What is needed: Below this line are records; write out exactly the lines from the one containing "Marvel&;s THE SPECTACULAR SPIDER MAN" through the one containing "QUODDY Downeast Nubuck Boat Shoes", with the pictures left out.

Available data:
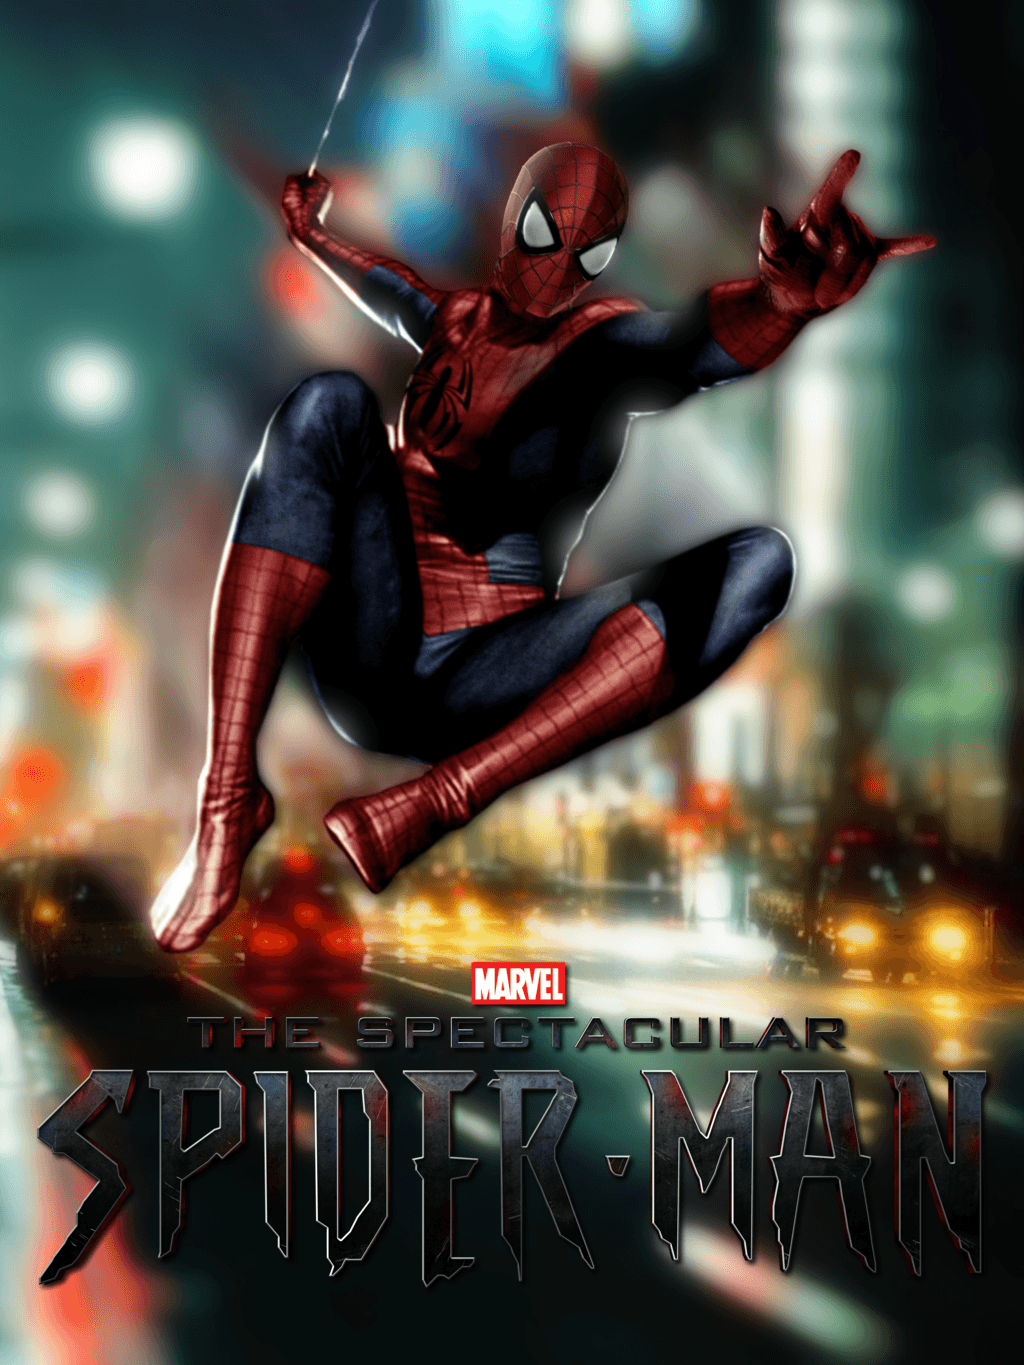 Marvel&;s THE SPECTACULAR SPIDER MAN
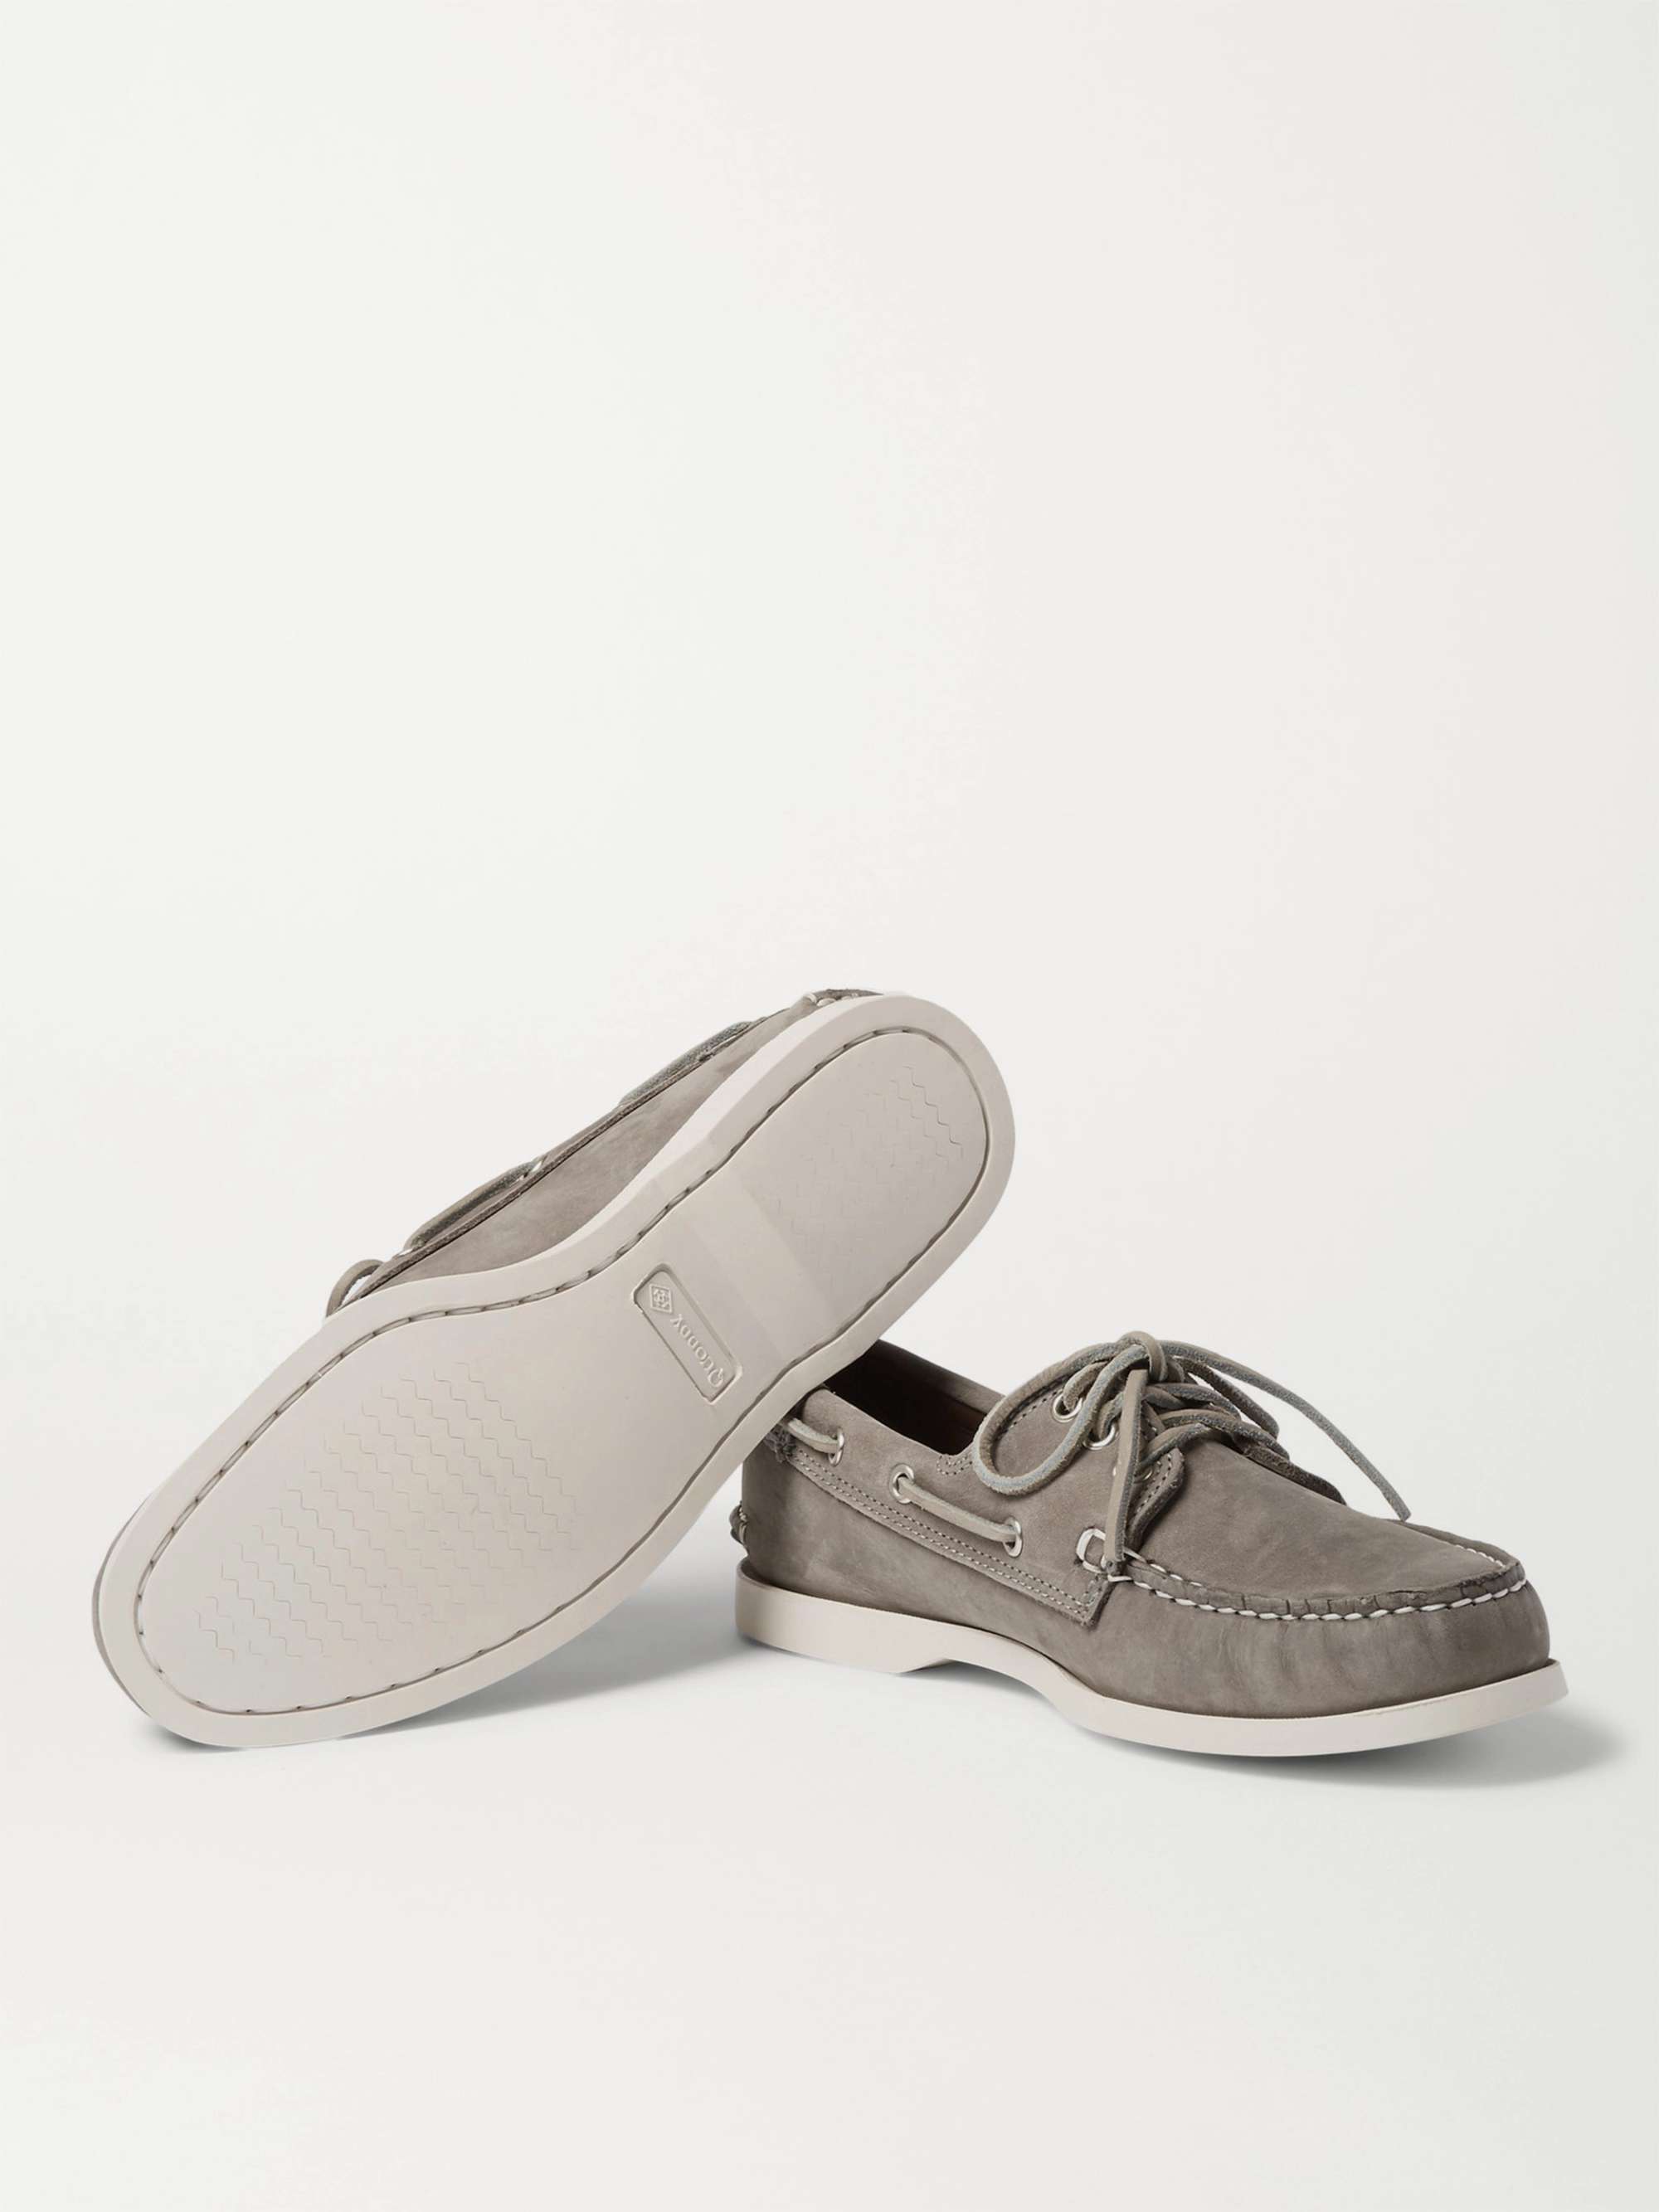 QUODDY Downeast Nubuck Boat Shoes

--

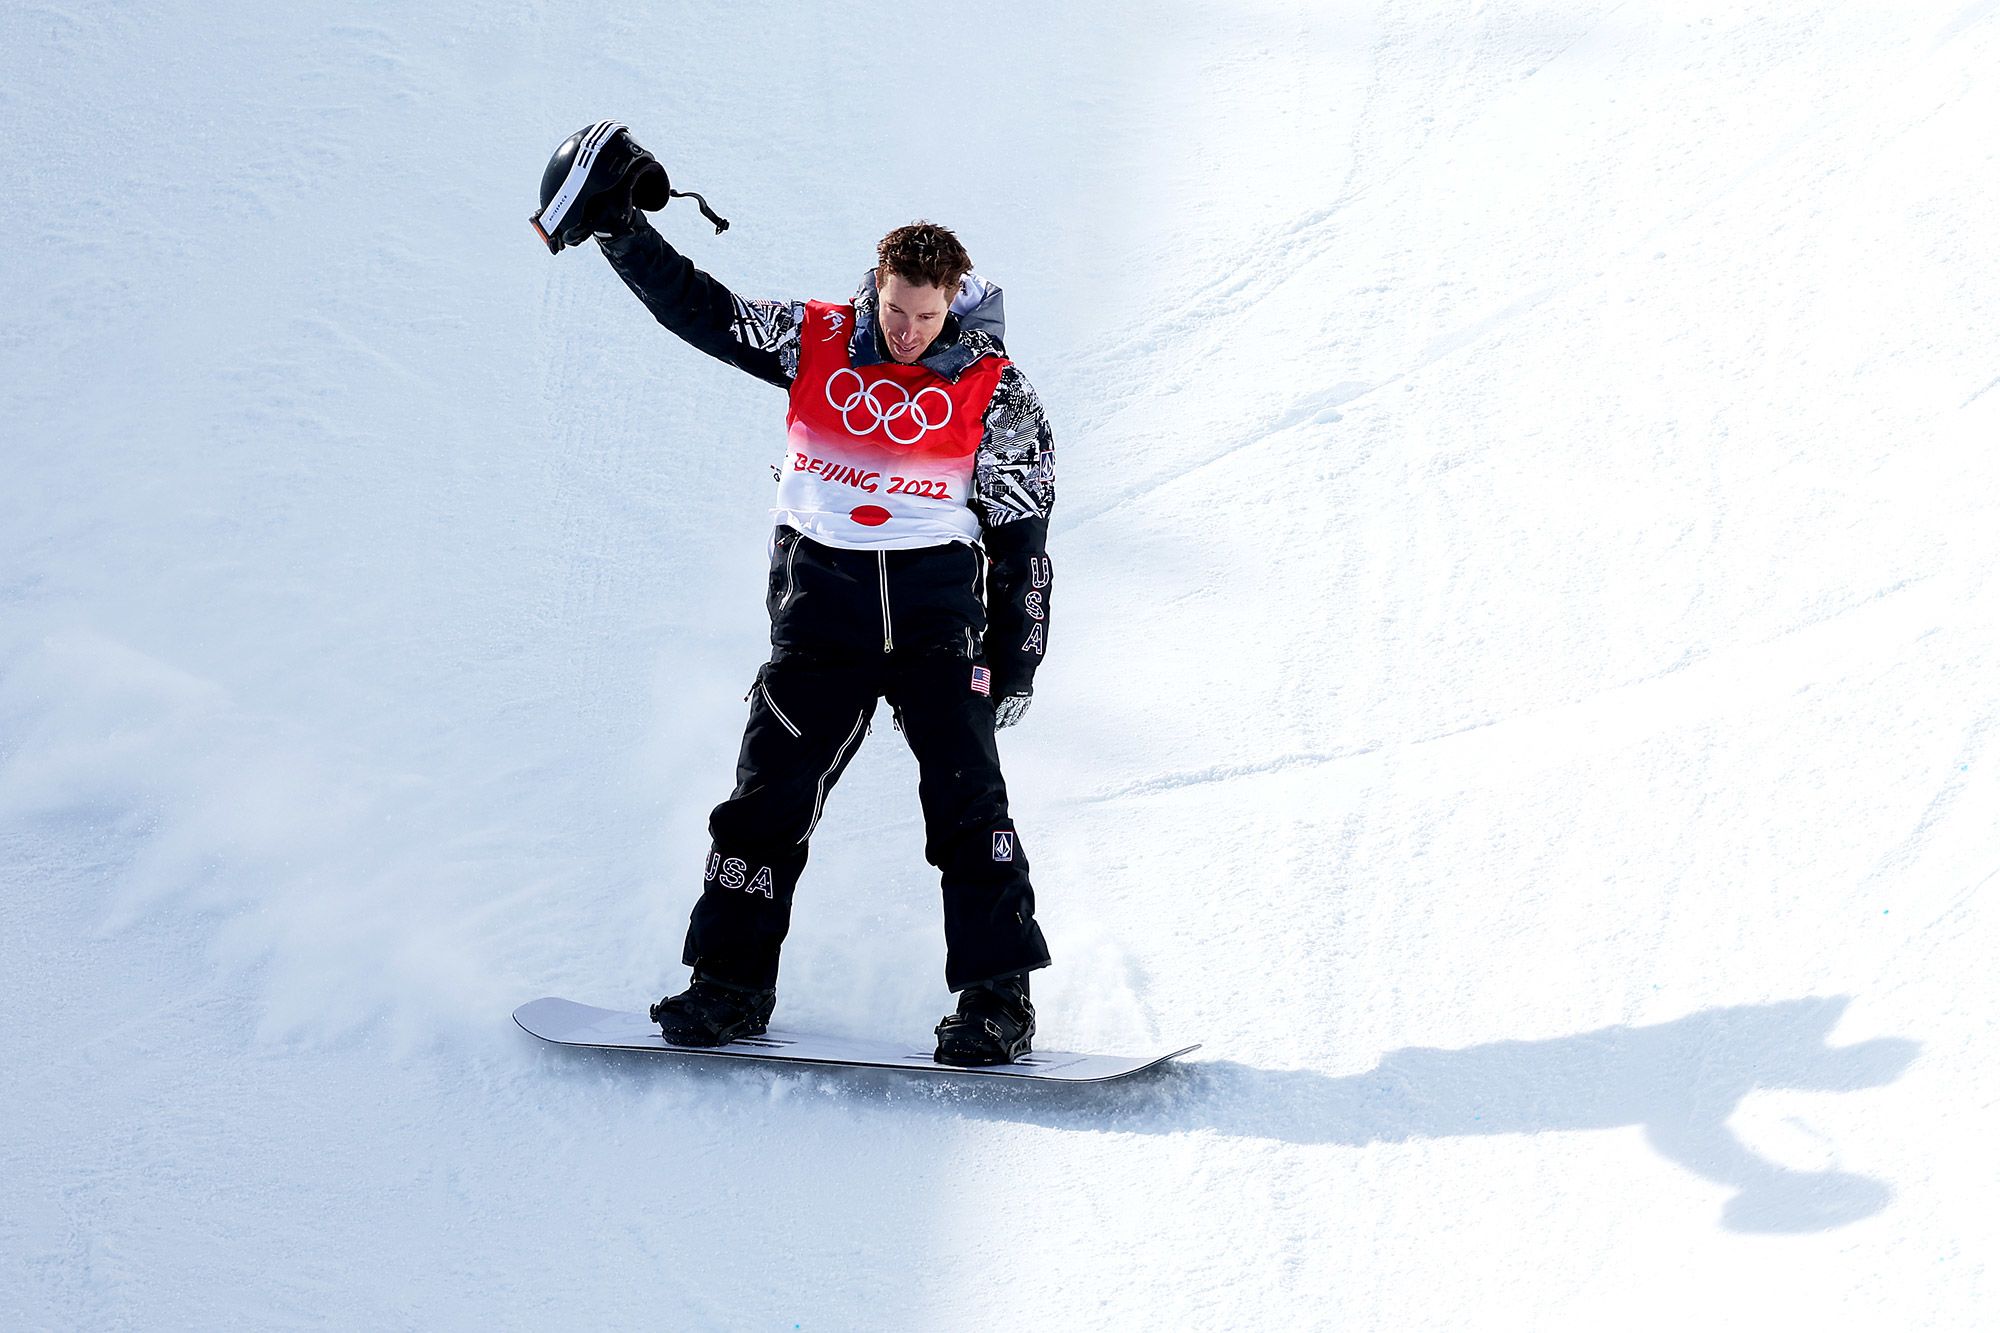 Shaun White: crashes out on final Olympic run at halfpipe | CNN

Completed task:
 Marvel&;s THE SPECTACULAR SPIDER MAN
 QUODDY Downeast Nubuck Boat Shoes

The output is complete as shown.